As I’ve mentioned before, Clark and I met playing music. We could be in a raging fight, but if we start playing music together, in a matter of minutes we can completely forget why we were on each other’s case. It is a gift really– to have a common interest that has continued to bind us since the very beginning. We were reflecting on this very fact as we prepared for this week’s Great Cheap Date Challenge #11 at Charlotte Emergency Housing— a homeless shelter for working families. This mission is unique in that it allows whole families to remain together in one shelter, rather than be divided. Center City Church sponsored this year’s Christmas party for the house, and we were the musical entertainment. We dusted off our Christmas tunes and attempted to spread some holiday cheer to 14 families who are fighting to stay together under the crushing weight of poverty and homelessness. One 4-year-old named Cameron attached himself to me early in the evening requesting song after song, to which I finally gave him the mic as we sang yet another round of Jingle Bells together. He must have asked me half a dozen times afterward, “Did I do good?” When he received his stocking filled with toys and candy, I expected him to tear into it like any other American, consumer-bred child would have. Instead, he lined up his new matchbox cars still in the packaging underneath the Christmas tree and stared at them for a long while. I dare say that I haven’t seen wonder in a child’s eyes like that before. It was a beautiful night shared with beautiful people. As we were preparing to leave, I caught sight of a framed canvas on the wall entitles, “My Name is Not ‘Those People’.” The following words stopped me dead in my tracks and humbled me right on the spot.

“My name is not ‘Those People’. I am a loving woman, a mother in pain, giving birth to the future, where my babies have the same chance to thrive as anyone.

My name is not ‘inadequate’. I did not make my husband leave us- he chose to, and chooses not to pay child support. Truth is though, there isn’t a job base for all fathers to support their families. While society turns its head, my children pay the price.

My name is not ‘Problem and Case to Be Managed’. I am a capable human being and citizen, not a client. The social service system can never replace the compassion and concern of loving Grandparents, Aunts, Uncles, Fathers, Cousins, Community- all the bonded people who need to be but are not present to bring children forward to their potential.
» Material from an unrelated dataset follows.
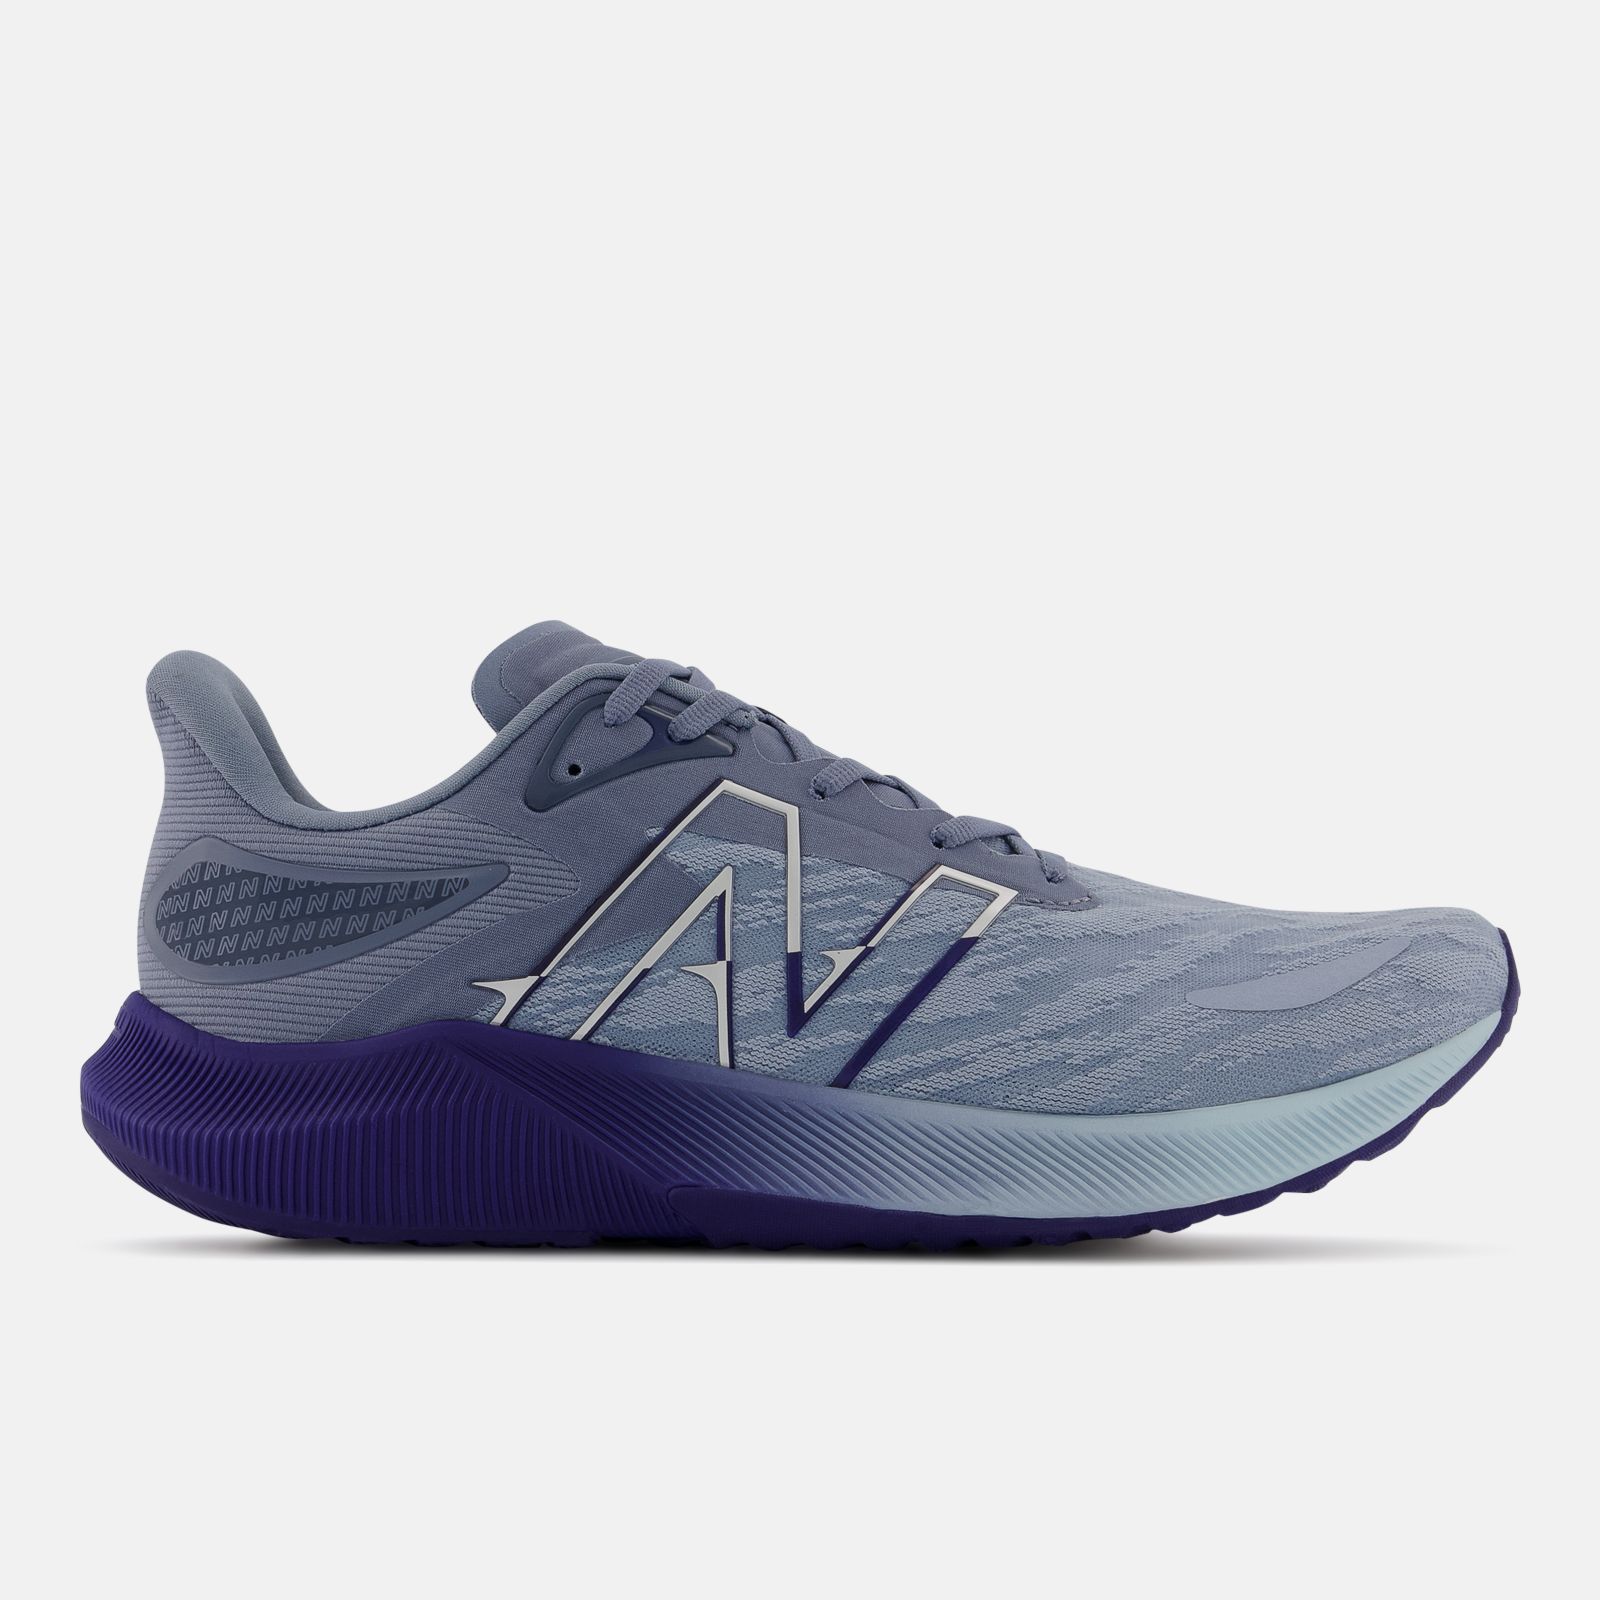 New Balance MFCPRCG3, Blue, large

My name is not ‘Lazy Dependent Welfare Mother.” If the unwaged work of parenting, homemaking and community building was factored into the Gross Domestic Product, my work would have untold value. And I wonder why my middle-class sister whose husbands support them to raise their children are glorified- and they don’t get called lazy and dependent.

My name is not ‘Ignorant, Dumb, or Uneducated’. I live with an income of $621 with $169 in food stamps. Rent is $585. That leaves $36 a month to live on. I am such a genius of surviving that I could balance the state budget in an hour.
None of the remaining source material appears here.